Exercise: Please repeat, from the entries that follow, the lines from the one containing "Bernice Johnson Reagon" through the one containing "14K Cursive Letter" exactly, adding nothing.

Supplied records:
++++

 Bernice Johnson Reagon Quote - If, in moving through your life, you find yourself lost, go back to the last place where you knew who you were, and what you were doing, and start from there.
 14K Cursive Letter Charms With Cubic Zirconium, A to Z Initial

++++

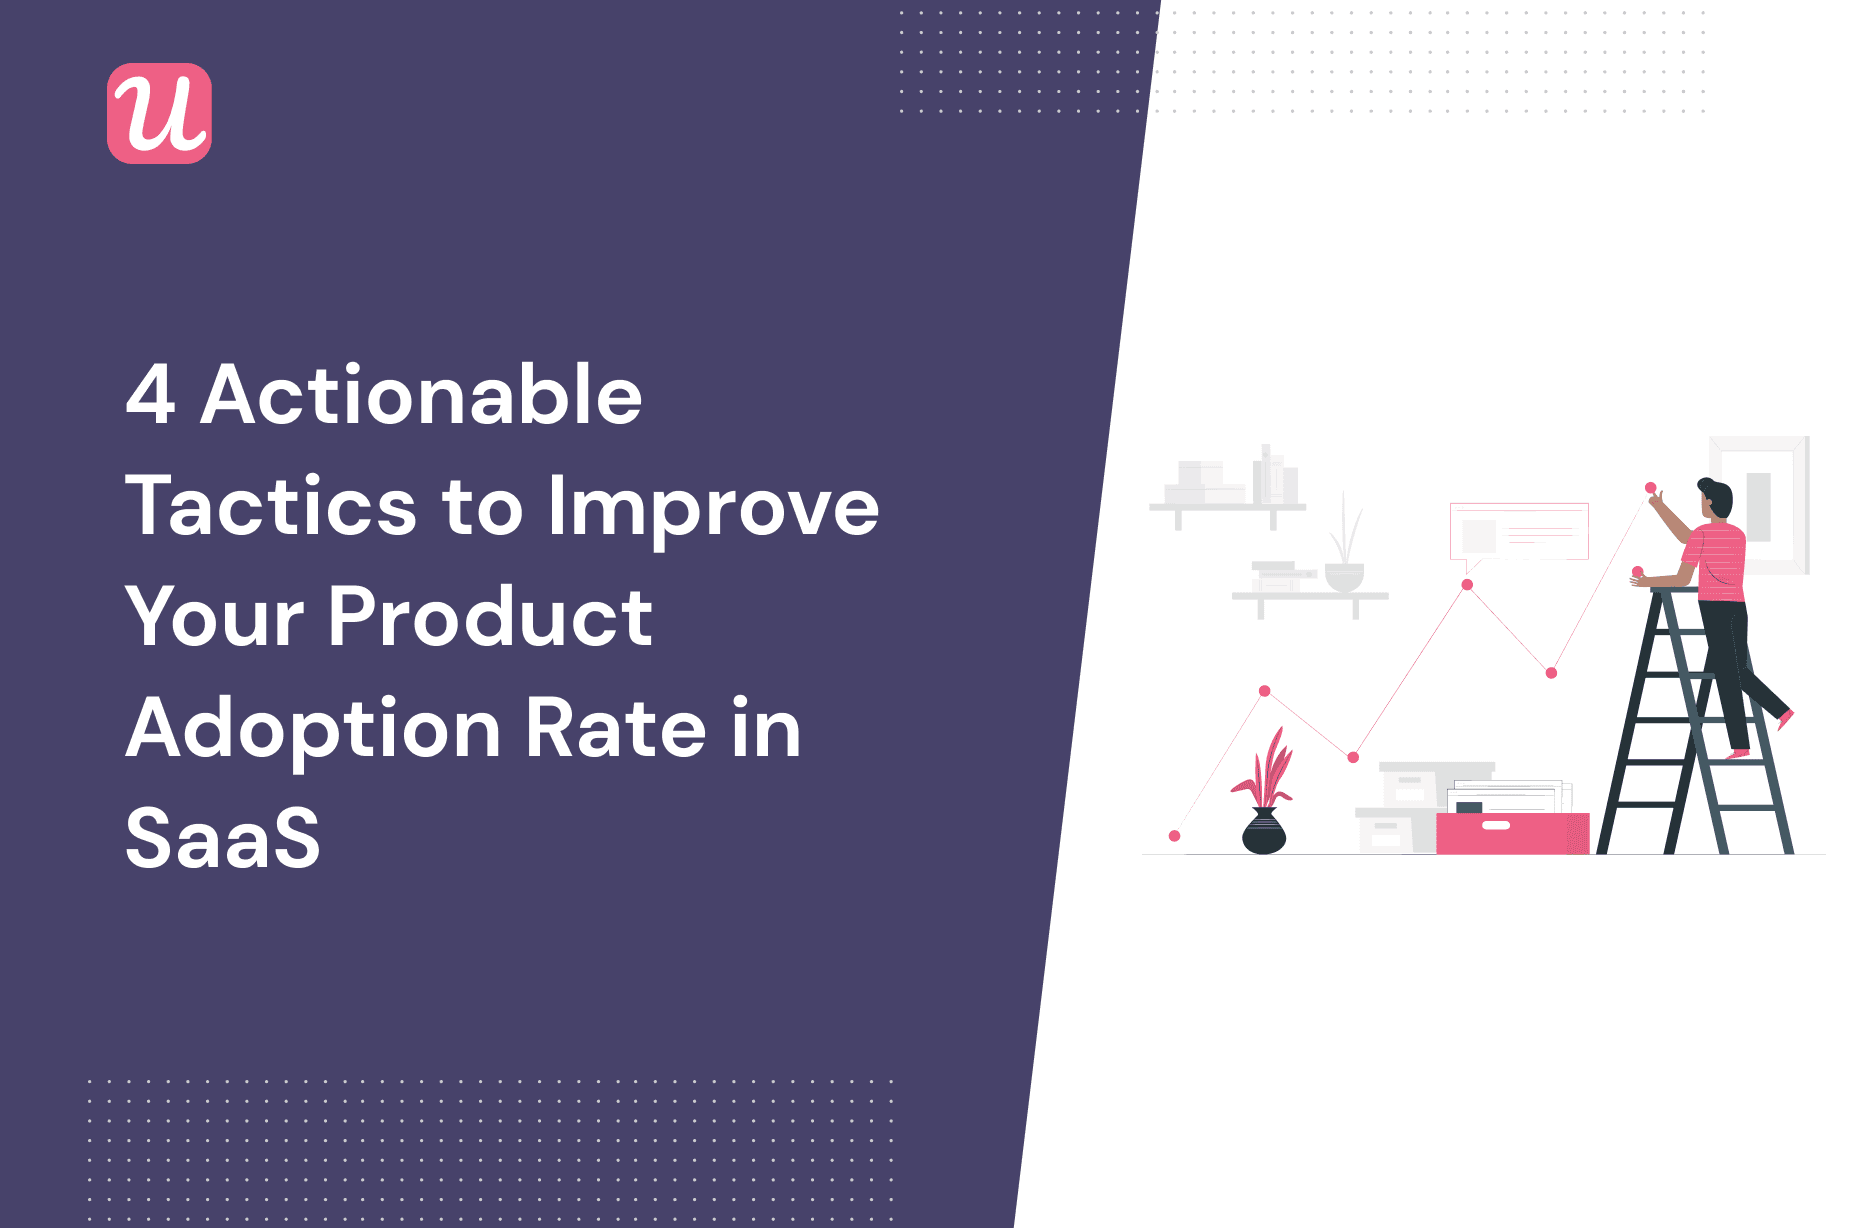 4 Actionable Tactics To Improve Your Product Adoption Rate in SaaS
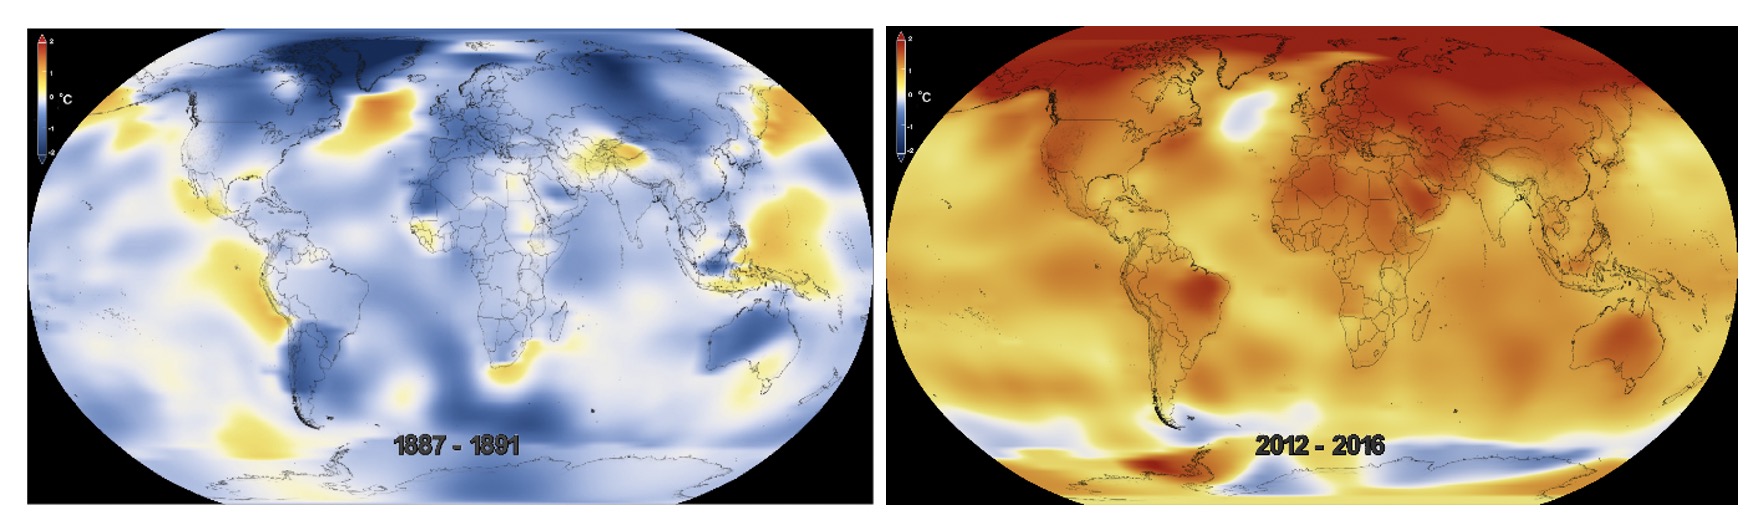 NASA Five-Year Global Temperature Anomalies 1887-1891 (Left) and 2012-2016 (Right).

++++

Finished exercise:
 Bernice Johnson Reagon Quote - If, in moving through your life, you find yourself lost, go back to the last place where you knew who you were, and what you were doing, and start from there.
 14K Cursive Letter Charms With Cubic Zirconium, A to Z Initial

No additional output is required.